Property rights are not a colonial construct

Section 25 of the Constitution is constantly under attack. South Africa is coming off a vote in Parliament where its proposed amendment failed. The Constitution in general was criticised by Lindiwe Sisulu. Property rights specifically are singled out, citing Professor Ramose who called it (section 25) the ‘longest clause’. The right to private title is attacked as being representative of colonialism. Is this true?

Those who have crowned themselves the sole representatives of ‘the downtrodden’ – the monopolisers of blackness – believe that owning land to the exclusion of others is a propagation of colonialism. They posit that anyone who has exclusive property rights established through action is but a ‘house negro’ in the terminology of Malcolm X. They say section 25 is an impediment to redressing the injustice perpetrated by the colonial South African Westphalian state. By protecting that which was acquired through force, the anti-proprietarians claim the Constitution perpetuates the injustice itself.

What these critics do not realise is that without the protection of section 25, the remedies sought by those who were dispossessed, or their descendants, would be less secure.

A right to private property does not inhibit challenging of the title or ‘belonging’ of that right. As most of this camp will say, there were unjustly acquired property rights. Having constitutional protection for property rights does not preclude one from challenging rights that were improperly obtained.

From a legal-philosophical perspective, it is this right in property that will inform the remedy of the party which is challenging the validity of any title to property. 

The alternative proposed by these proponents of ‘the people’ is the scrapping of private property protection and the institution of a collective landed property regime. Basically, having the entirety of the population being tenants of the powerful administrators of the state at any given time. 

The major parties who propagate this ideal in South Africa may differ on the details, but one thing brings them together: Abantu must not have private property rights. For, after all, abantu also enjoy protection from section 25, and, if anything, that right to property empowers them to reclaim property that is rightly theirs. 

The issue is one of will, of capacitating the institutions, including the much-hated judiciary, to handle matters of restitution and justice. Protection of the right to private property guarantees that after the contestation of title in whatever property is settled, the rights belonging to the rightful owners will still be protected. 

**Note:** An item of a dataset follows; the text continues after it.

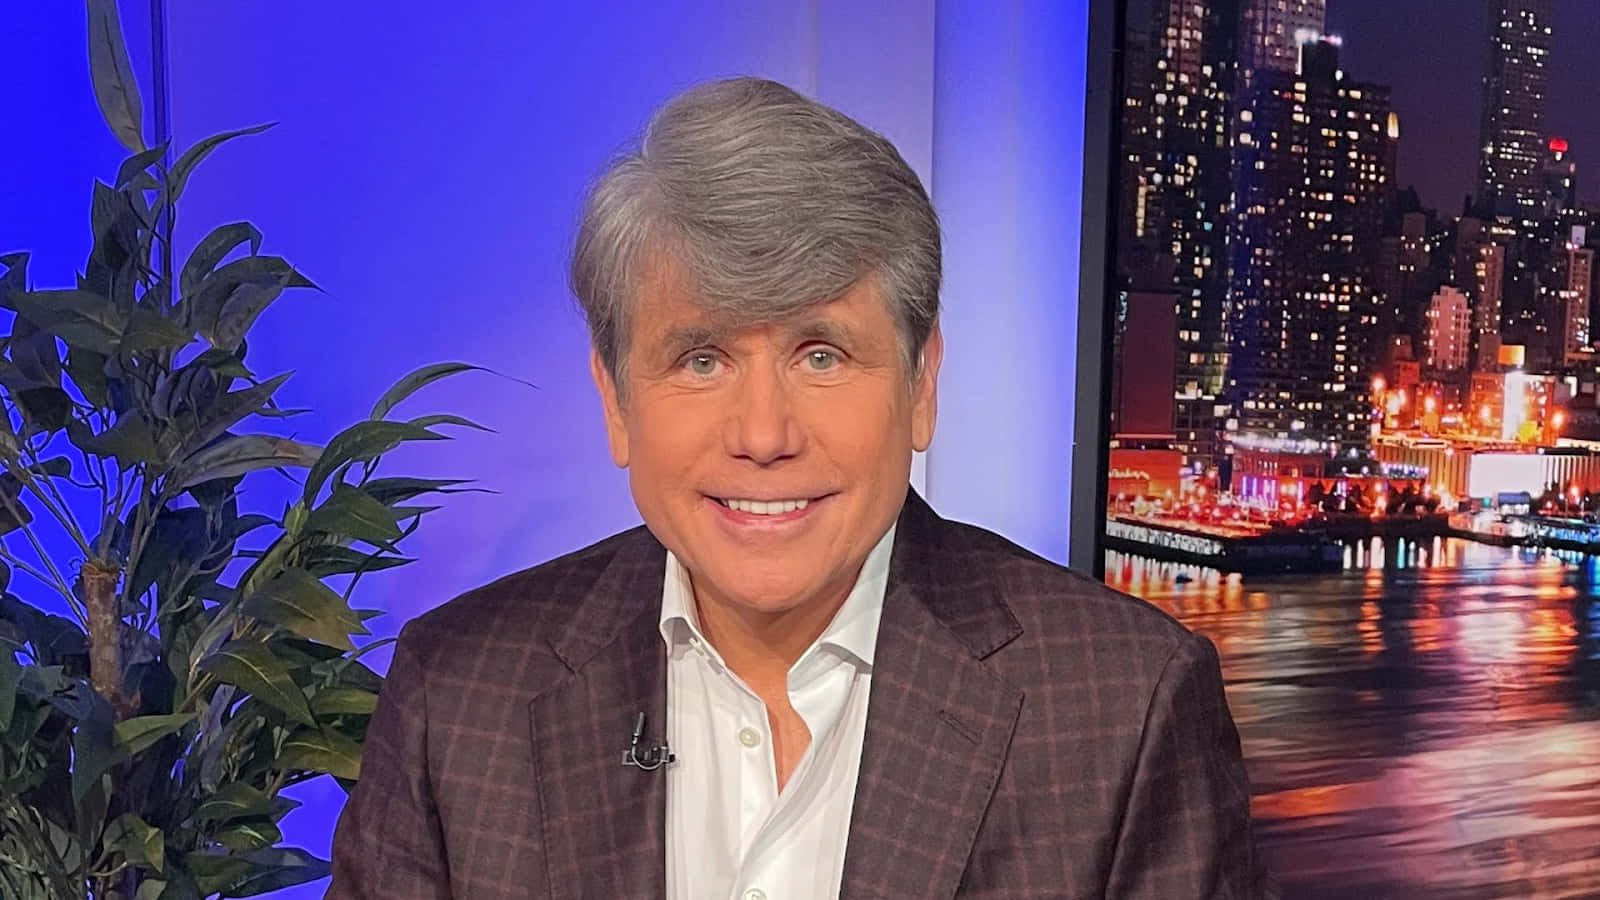 A charming portrait of Rod Blagojevich with an ear-to-ear smile. Wallpaper

The June 2021 judgment of the KwaZulu-Natal Division of the High Court, in the matter of Council for the Advancement of the South African Constitution v Ingonyama Trust, highlights how the right to property cannot be undermined by claims to ‘African culture’ which is said to have no latitude for private property rights. When those who are against the right to private property argue against it, they must do so without their usual appeals about it representing a betrayal of African culture or the African way of life. When political parties claim that the Westphalian state ought to be custodian of all property, they must do so without saying it is the ‘African way’. 

Their ambitions to control people’s lives by denying them rights to private property must not be couched in cultural rhetoric.

The right to property, legally, is integral to any functional society. It does not inhibit the restitution of property that was unjustly acquired or unjustly transferred, and currently is used by an unjust ‘owner’. The right to property does not inhibit justice. What it does, and what the South African state wishes to circumvent, is it inhibits the state from picking and choosing property expediently and dishing it out to political allies in the name of redistribution. Note the difference between the justice concept of restitution, and the uniquely Western socialist concept of redistribution.

Justice, properly understood, is about restoring the status quo prior to the injury. In the specific case of property ownership, it would simply be transferring title to the rightful owner. 

The tirades against the right to property for purposes of justice against past property dispossession are misguided. For sound justice, property rights and their protection ought to be central. Rather than eliminating them, finding ways to make their protection stronger ought to be the focus.  

Zakhele Mthembu BA Law (Wits) LLB (Wits) is a legal researcher at the Free Market Foundation. The views expressed in the article are the author’s and not necessarily shared by the members of the Foundation.